3. Trump threatens retaliation against EU over Google
I told you so! The European Union just slapped a Five Billion Dollar fine on one of our great companies, Google. They truly have taken advantage of the U.S., but not for long!
— Donald J. Trump (@realDonaldTrump) July 19, 2018
This is a threat. Given the acrimony between Trump and the Europeans over trade and over NATO defense spending. It has to be seen as such. Trump doesn’t explicitly say why he believes the “not for long” part of his statement. Nevertheless, retaliation – potentially on trade – is the clear suggestion.
Why this matters: As the US has retreated from its regulatory role, because of the size of its economy, the EU has become the de-facto global regulatory standard maker. We saw this with the recently enacted EU privacy standards. Many firms were forced to make sweeping changes in their privacy policy to meet the EU standard. And that served as an umbrella for other nations, whose citizens received equal treatment when companies opted not to adopt different privacy standards to avoid complexity.
In this case, the EU has said Google engaged in “serious illegal behavior”. But Trump is looking past that and threatening the EU because Google is an American company. Will he make good on his threat? If he does, the EU will be forced to react not by relinquishing its regulatory role but by responding to the US retaliatory measure.
Among the key takeaways: The EU is not going to rescind a regulatory decision because of a tweet or even a retaliatory measure from the US. However, if the President’s tweet turns into action, it will make clear that the EU is, indeed, a “foe” of the US in Trump’s mind. The result: in Europe, the US will also come to be seen less as a strategic partner and more as an enemy. And that will cause more European politicians to seek permanent solutions to economic, military and geostrategic issues that do not involve the US.
4. China’s currency continues to slide
Overnight, China weakened the Yuan fixing by the most since June 2016. The Yuan reference rate is now 6.7671 against the US dollar. That’s the lowest in over a year. And all of that weakening has happened in the last three months, since the US – China trade war began.
Source: FT
In just the past few days, in addition to letting its currency plunge, China has cut its 7-day Treasury rate by over 1%, told its banks to flood the system with liquidity, and warned that more easing is to come.
Why this matters: China is in a trade war with the US. Increasingly, it seems that this trade war has become a currency war. The question is whether it is the weakening Chinese economy driving the monetary policy and currency action or whether the Chinese have turned to monetary policy and the currency as weapons to wield in a trade war against the US.
Deeper analysis: One interpretation is that the Chinese are lowering the Yuan under pressure from the foreign exchange market. The fx market may signalling it believes that a larger set of tariffs will mean a weaker yuan.
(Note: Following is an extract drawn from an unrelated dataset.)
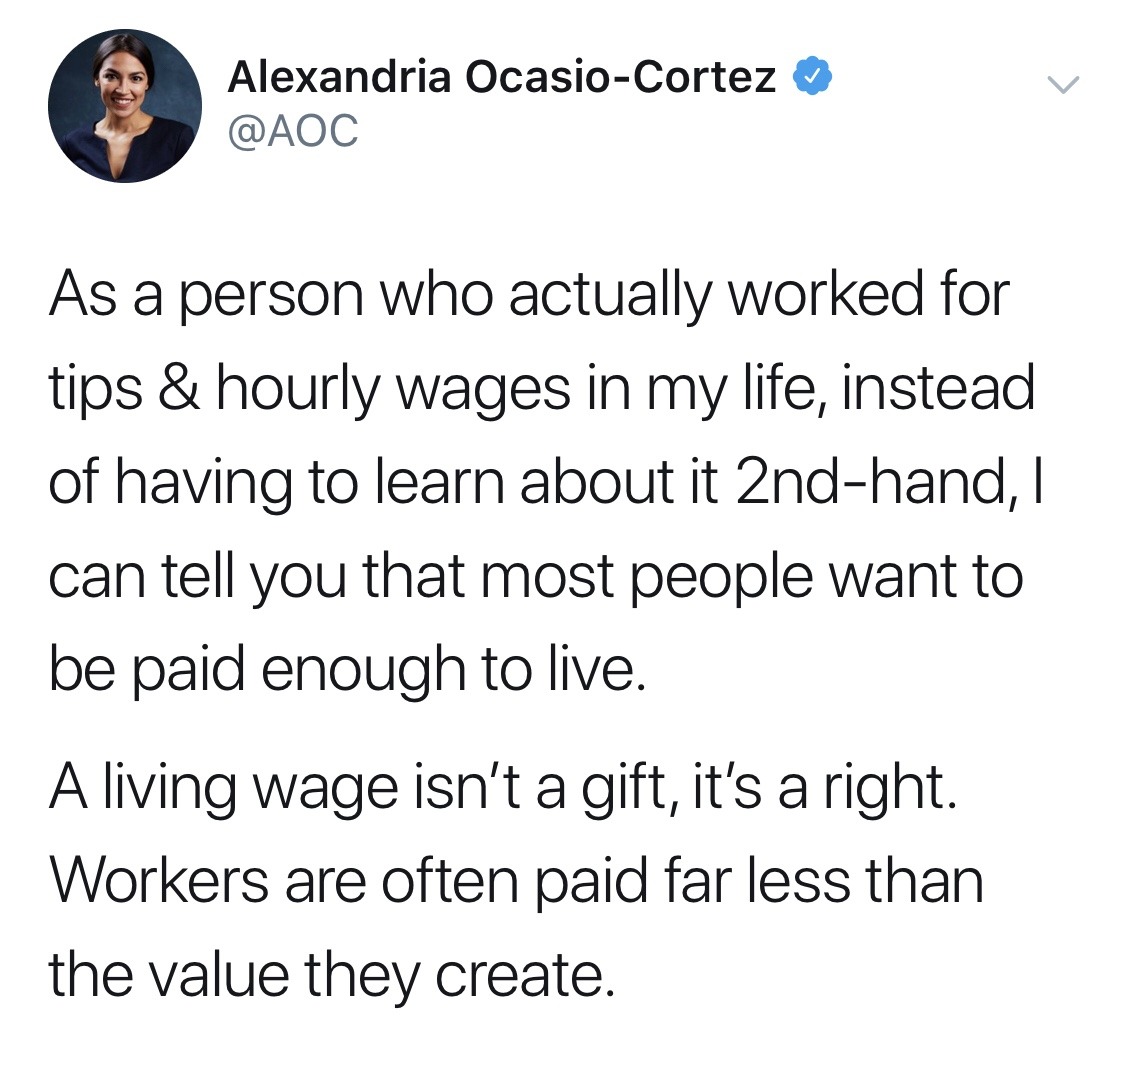 odinsblog: Ivanka Trump, a trust fund baby who has never done an honest day’s work, is trying to lecture Alexandria Ocasio-Cortez? About income inequality and living wages??? Seriously?  Ivanka is pushing the old Republican canard that “poor people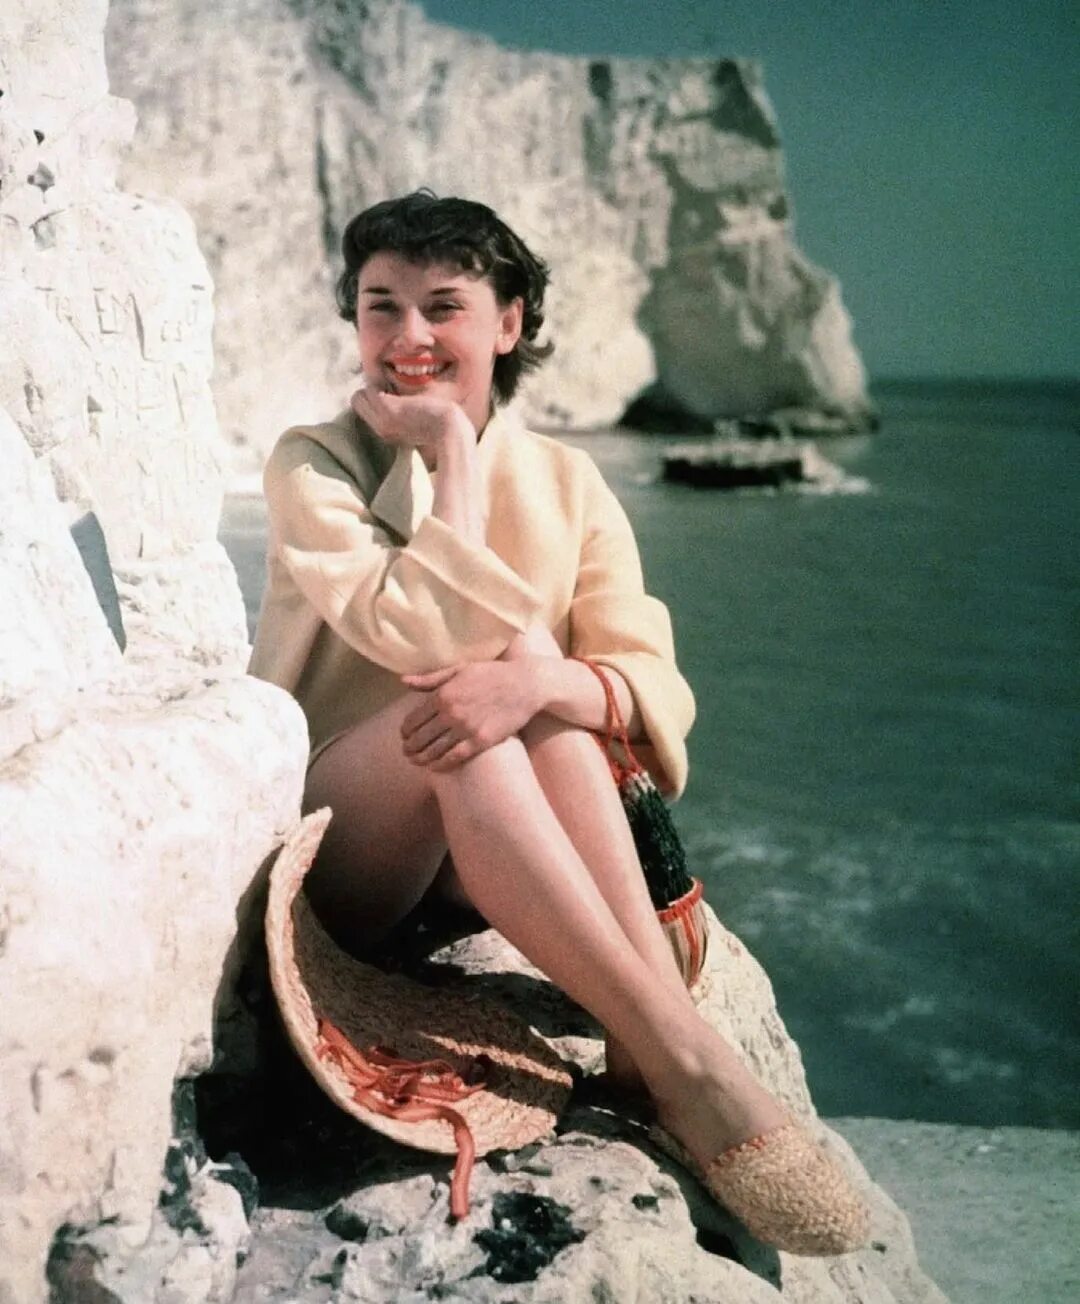 For Audrey в Instagram: "Happy 1st July! ☀ Here’s a young Audrey Hepbu...

And so, the Chinese willingness to intervene is the only thing stopping an uncontrolled fall in the Renminbi.
Another interpretation is that the Chinese economy is already weakening and that has forced the Chinese to ease monetary policy. The currency depreciation, therefore, is just an outgrowth of easier policy vis-a-vis the US, which is raising rates while everyone else (except Canada) seems to be standing pat.
If one looks at the charts, the Renminbi has been tumbling against the Euro since May even though the Euro itself has been tumbling against the US dollar since April.
Renminbi vs the Euro
Source: XE.com
US Dollar vs the Euro
Source: XE.com
This suggests that either politics is a factor in the Chinese currency fall or that the currency effect from the weakening in China’s economy is severe. Either way, the US dollar is strengthening against most all currencies.